» **Supplied material**:
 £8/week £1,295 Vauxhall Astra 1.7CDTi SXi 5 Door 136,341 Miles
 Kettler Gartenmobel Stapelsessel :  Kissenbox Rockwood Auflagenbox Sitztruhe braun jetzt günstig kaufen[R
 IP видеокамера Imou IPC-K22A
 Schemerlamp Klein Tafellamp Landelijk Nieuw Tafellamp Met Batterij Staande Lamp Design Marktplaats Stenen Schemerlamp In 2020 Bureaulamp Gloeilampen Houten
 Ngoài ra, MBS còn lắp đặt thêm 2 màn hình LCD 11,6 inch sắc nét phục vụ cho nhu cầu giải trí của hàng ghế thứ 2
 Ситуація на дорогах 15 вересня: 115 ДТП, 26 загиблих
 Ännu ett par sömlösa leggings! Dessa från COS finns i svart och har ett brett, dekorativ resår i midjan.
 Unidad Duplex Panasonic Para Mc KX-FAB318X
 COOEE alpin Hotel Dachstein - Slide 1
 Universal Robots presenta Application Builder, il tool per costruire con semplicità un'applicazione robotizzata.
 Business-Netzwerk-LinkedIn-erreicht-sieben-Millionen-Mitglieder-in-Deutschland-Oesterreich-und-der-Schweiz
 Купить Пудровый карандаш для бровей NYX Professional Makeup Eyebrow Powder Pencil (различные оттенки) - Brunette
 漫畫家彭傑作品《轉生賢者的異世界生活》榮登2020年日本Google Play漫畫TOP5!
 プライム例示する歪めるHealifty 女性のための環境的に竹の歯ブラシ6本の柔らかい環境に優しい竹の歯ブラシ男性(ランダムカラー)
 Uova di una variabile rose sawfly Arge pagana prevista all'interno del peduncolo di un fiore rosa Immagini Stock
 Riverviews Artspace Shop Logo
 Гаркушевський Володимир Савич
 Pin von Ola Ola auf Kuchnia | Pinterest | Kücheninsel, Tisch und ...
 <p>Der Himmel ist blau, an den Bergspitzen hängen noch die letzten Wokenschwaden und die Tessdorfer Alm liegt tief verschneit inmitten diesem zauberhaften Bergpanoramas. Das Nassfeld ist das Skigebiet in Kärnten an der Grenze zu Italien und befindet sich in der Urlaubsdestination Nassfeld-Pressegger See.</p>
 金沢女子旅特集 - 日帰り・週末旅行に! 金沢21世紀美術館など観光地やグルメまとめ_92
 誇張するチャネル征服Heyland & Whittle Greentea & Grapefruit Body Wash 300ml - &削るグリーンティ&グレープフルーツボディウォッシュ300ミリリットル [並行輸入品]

» **Exercise objective**:
All lines from the one containing "<p>Der Himmel ist" through the final line of the records above are to be set down exactly, and no other line is to appear.

» **Solution for this task**:
 <p>Der Himmel ist blau, an den Bergspitzen hängen noch die letzten Wokenschwaden und die Tessdorfer Alm liegt tief verschneit inmitten diesem zauberhaften Bergpanoramas. Das Nassfeld ist das Skigebiet in Kärnten an der Grenze zu Italien und befindet sich in der Urlaubsdestination Nassfeld-Pressegger See.</p>
 金沢女子旅特集 - 日帰り・週末旅行に! 金沢21世紀美術館など観光地やグルメまとめ_92
 誇張するチャネル征服Heyland & Whittle Greentea & Grapefruit Body Wash 300ml - &削るグリーンティ&グレープフルーツボディウォッシュ300ミリリットル [並行輸入品]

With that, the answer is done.